One important example is simultaneous constraint satisfaction. Here we have a large configuration space of options, and we want to find some configuration that satisfies some constraints. For example, when designing a lecture timetable for Part III courses, we need to schedule the courses so that we don't clash two popular courses in the same area, and the courses need to have big enough lecture halls, and we have to make sure a lecturer doesn't have to simultaneously lecture two courses at the same time. This is very complicated.

In general, search problems have some common features:
\begin{enumerate}
  \item Given any instance of solution attempt, it is easy to check if it is good or not.
  \item There are exponentially many possible instances to try out.
\end{enumerate}

One example is the boolean satisfiability problem, which we have already seen before.
\begin{eg}[Boolean satisfiability problem]
  The \term{boolean satisfiability problem} (\term{SAT}) is as follows --- given a Boolean formula $f: B_n \to B$, we want to know if there is a ``satisfying argument'', i.e.\ if there is an $x$ with $f(x) = 1$.
\end{eg}

This has complexity class \textbf{NP}, standing for \emph{non-deterministic polynomial time}. There are many ways to define \textbf{NP}, and here we will provide two. The first definition of \textbf{NP} will involve the notion of a verifier:

\begin{defi}[Verifier]
  Suppose we have a language $L \subseteq B^*$, where
  \[
    B^* = \bigcup_{n \in \N} B_n
  \]
  is the set of all bit strings.

  A \term{verifier} for $L$ is a computation $V(w, c)$ with two inputs $w, c$ such that
  \begin{enumerate}
    \item $V$ halts on all inputs.
    \item If $w \in L$, then for \emph{some} $c$, $V(w, c)$ halts with ``accept''.
    \item If $w \not\in L$, then for \emph{all} $c$, $V(w, c)$ halts with ``reject''.
  \end{enumerate}
  A \term{polynomial time verifier} is a $V$ that runs in polynomial time in $|w|$ (not $|w| + |c|!$).
\end{defi}
We can think of $c$ as ``certificate of membership''. So if you are a member, you can exhibit a certificate of membership that you are in there, and we can check if the certification is valid. However, if you are not a member, you cannot ``fake'' a certificate.

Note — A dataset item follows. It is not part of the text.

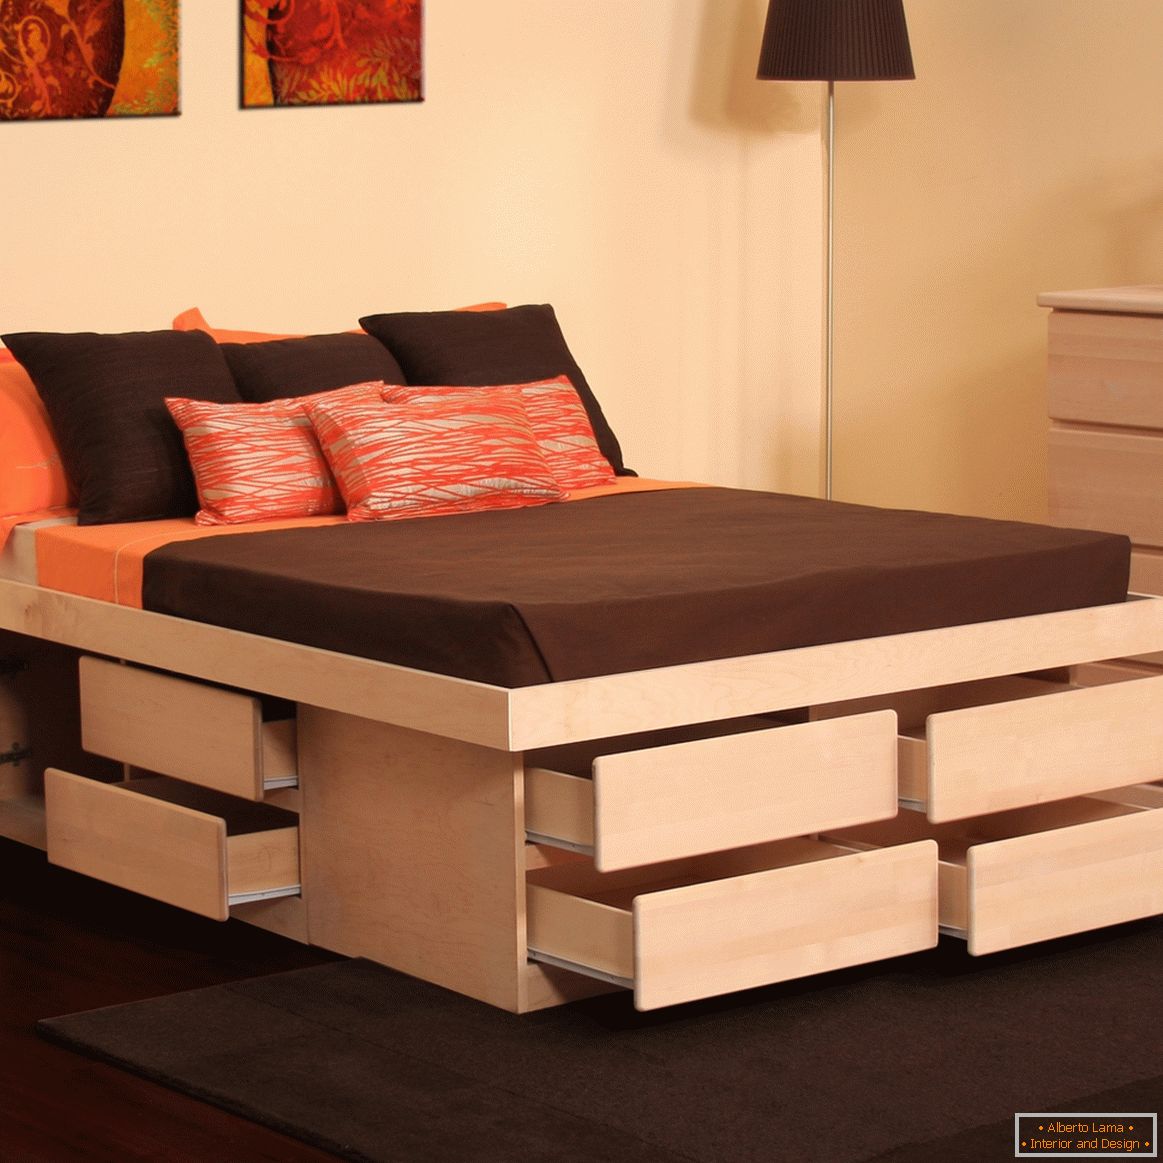 Bed with drawers
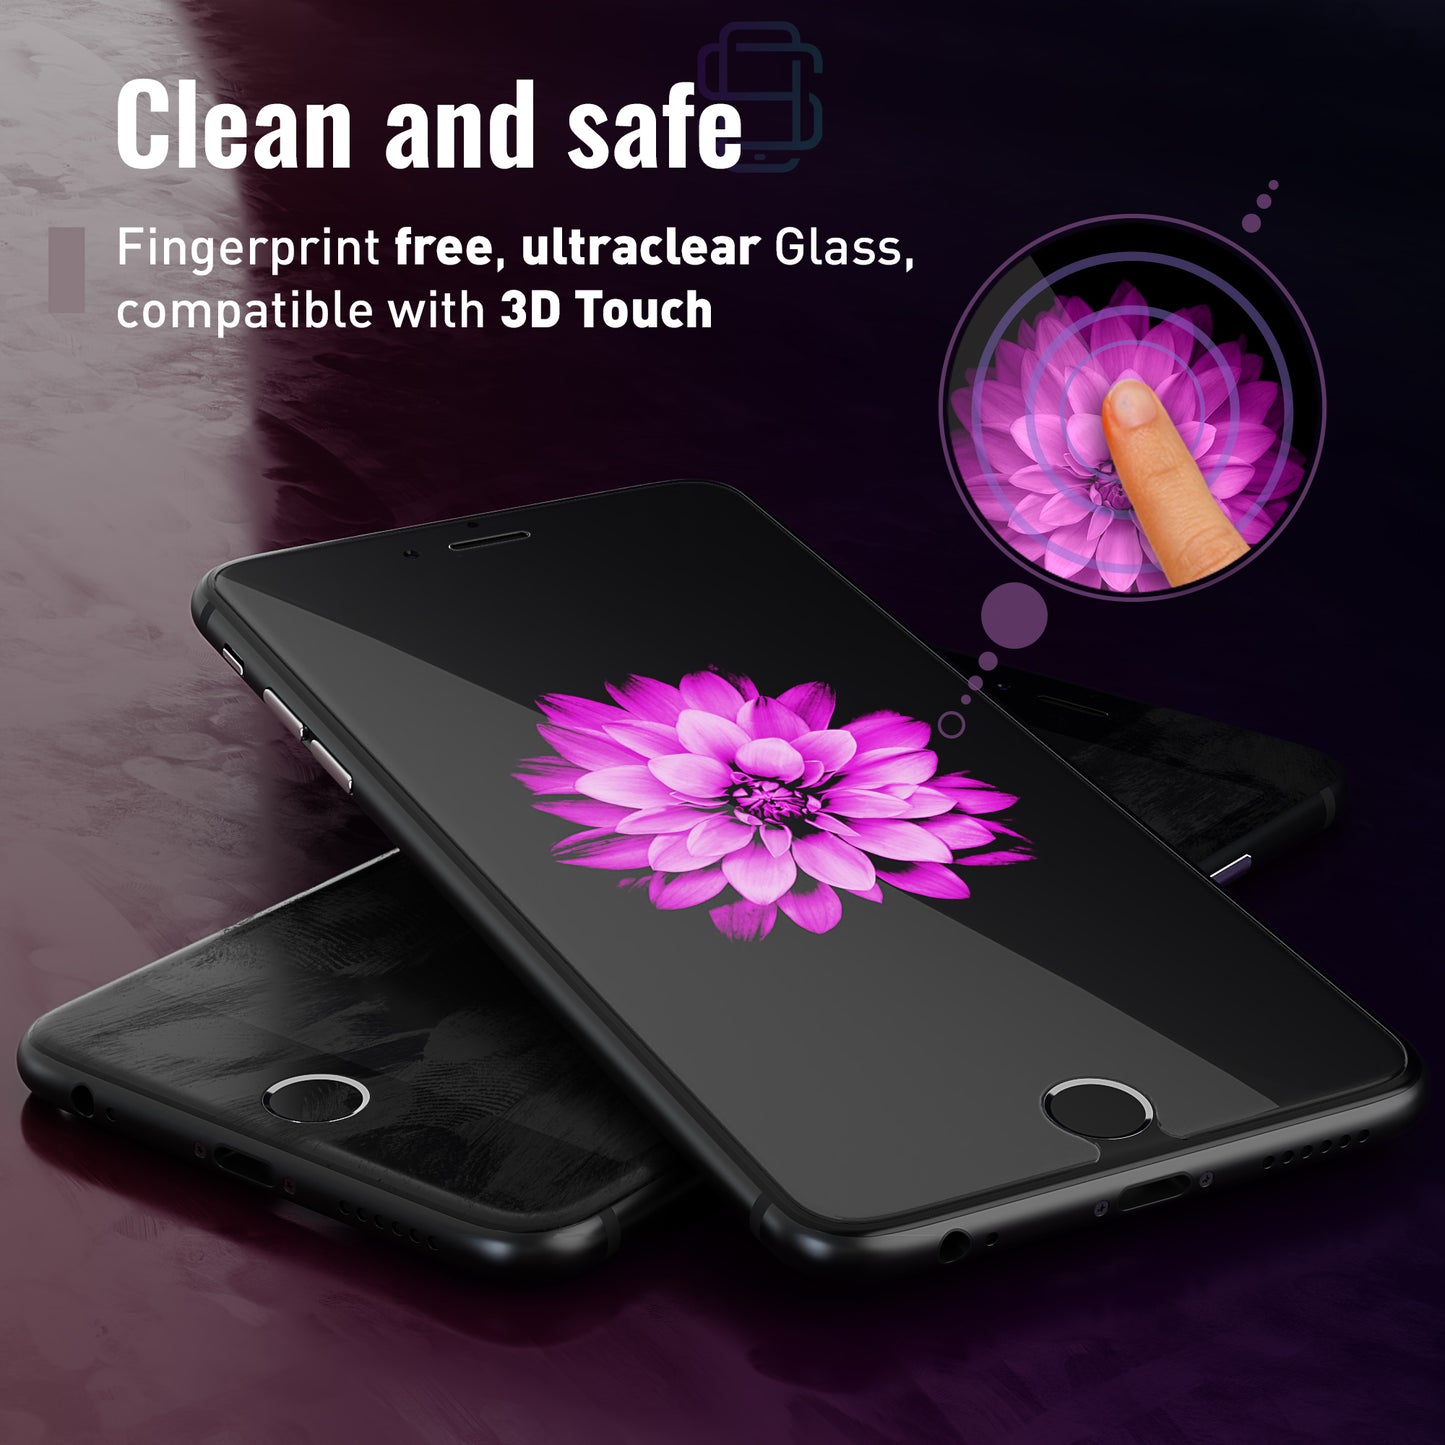 Defenslim iPhone 6s Plus Screen Protector [2-Pack] with Easy Auto-Align Install Kit

\begin{defi}[Non-deterministic polynomial time problem]\index{\textbf{NP}}\index{non-deterministic polynomial time}
  \textbf{NP} is the class of languages that have polynomial time verifiers.
\end{defi}

\begin{eg}
  The SAT problem is in \textbf{NP}. Here $c$ is the satisfying argument, and $V(f, c)$ just computes $f(c)$ and checks whether it is $1$.
\end{eg}

\begin{eg}
  Determining if a number is composite is in \textbf{NP}, where a certificate is a factor of the number.
\end{eg}
However, it is not immediately obvious that testing if a number is prime is in \textbf{NP}. It is an old result that it indeed is, and recent progress shows that it is in fact in \textbf{P}.

It is rather clear that $\mathbf{P} \subseteq \mathbf{NP}$. Indeed, if we can check membership in polynomial time, then we can also construct a verifier in polynomial time that just throws the certificate away and check directly.

There is another model of \textbf{NP}, via \term{non-deterministic computation}. Recall that in probabilistic computation, in some steps, we had to pick a random number, and picking a different number would lead to a different ``branch''. In the case of non-deterministic computation, we are allowed to take \emph{all} paths at the same time. If \emph{some} of the paths end up being accepting, then we accept the input. If \emph{all} paths reject, then we reject the input. Then we can alternatively say a problem is in \textbf{NP} if there is a polynomial-time non-deterministic machine that checks if the string is in the language.

It is not difficult to see that these definitions of \textbf{NP} are equivalent. Suppose we have a non-deterministic machine that checks if a string is in the language. Then we can construct a verifier whose certificate is a prescription of which particular branch we should follow. Then the verifier just takes the prescription, follows the path described and see if we end up being accepted.

Conversely, if we have a verifier, we can construct a non-deterministic machine by testing a string on \emph{all} possible certificates, and check if any of them accepts.

Unfortunately, we don't know anything about how these different complexity classes compare. We clearly have $\mathbf{P} \subseteq \mathbf{BPP} \subseteq \mathbf{BQP}$ and $\mathbf{P} \subseteq \mathbf{NP}$. However, we do not know if these inclusions are strict, or how $\mathbf{NP}$ compares to the others.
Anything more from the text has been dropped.